Wednesday, December 27, 2006

Big Egos in Small Packages

Big Egos in Small Packages

The Washington Post looks at Dennis Kucinich and his GOP longshot counterpart Duncan Hunter:

Some calculate...


Uh, oh, the dreaded "some say"! An objective journaism code word for "This is something that is painfully obvious but not Objective, so I'm going to put it out there and get someone to say it for me."

Some calculate that their efforts may yield a vice presidential nomination. But those such as Kucinich and Hunter may be driven by something -- ego? passion? something else? -- that leads them to believe they have a chance of winning the White House despite what the typical measures of political viability suggest.

Fred I. Greenstein, a professor emeritus of politics at Princeton University and one of the major scholars of political psychology, says politicians -- including some accomplished ones -- have trouble knowing their limitations. He said candidates exhibit a tendency "where faith triumphs over reason and empirical reality-testing falls by the wayside, and a lot of what drives people is some combination of vanity and lack of self-perspective."

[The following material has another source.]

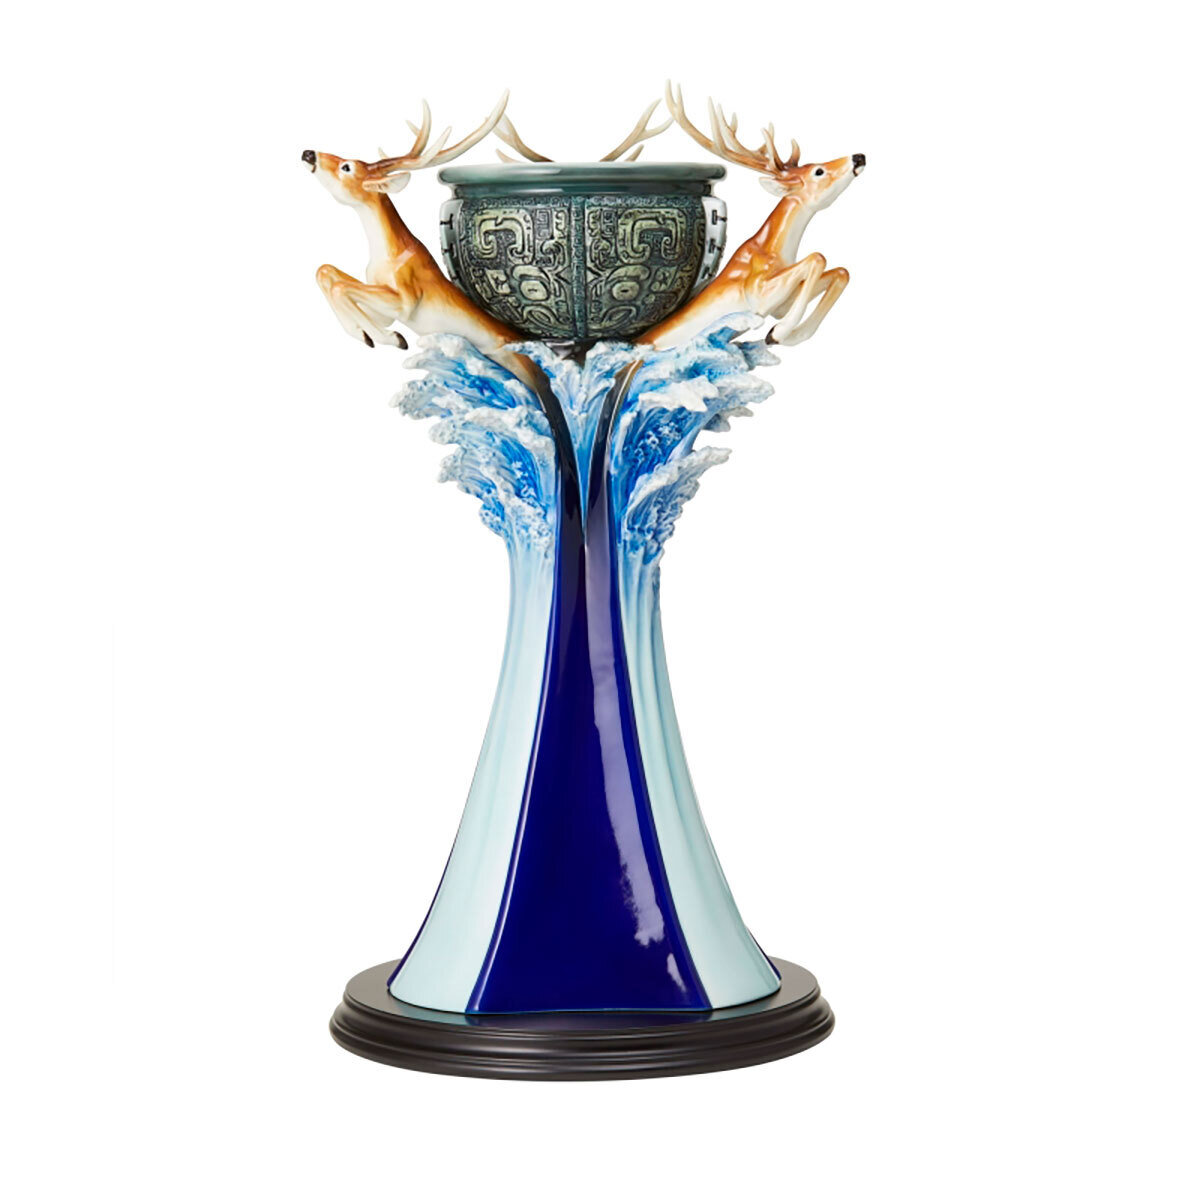 Franz Porcelain Golden Age Deer Design Sculptured Porcelain Vase With Wooden Base FZ03868

That's as far as they dare go, but it hits the nail right on Kucinich's head. I've had the luck as an Iowa Key Activist (TM) I've had the luck to observe many major leaguers up close in small settings. The true giants are self-effacing and unassuming. Howard Dean's rallying cry was "YOU have the power." I get a feeling of that from Obama, from Edwards.

Kucinich even scoffs at the notion that he is not one of the leading contenders in the Democratic contest. Told that Sens. Hillary Rodham Clinton (N.Y.) and Barack Obama (Ill.) appear to be the front-runners, he asked, "Says who?" (The answer, for now, is political polling.)


What I get from Kucinich, from this quote and from his whole persona, is "I'm Important." Which hurts his very good platform more than it helps.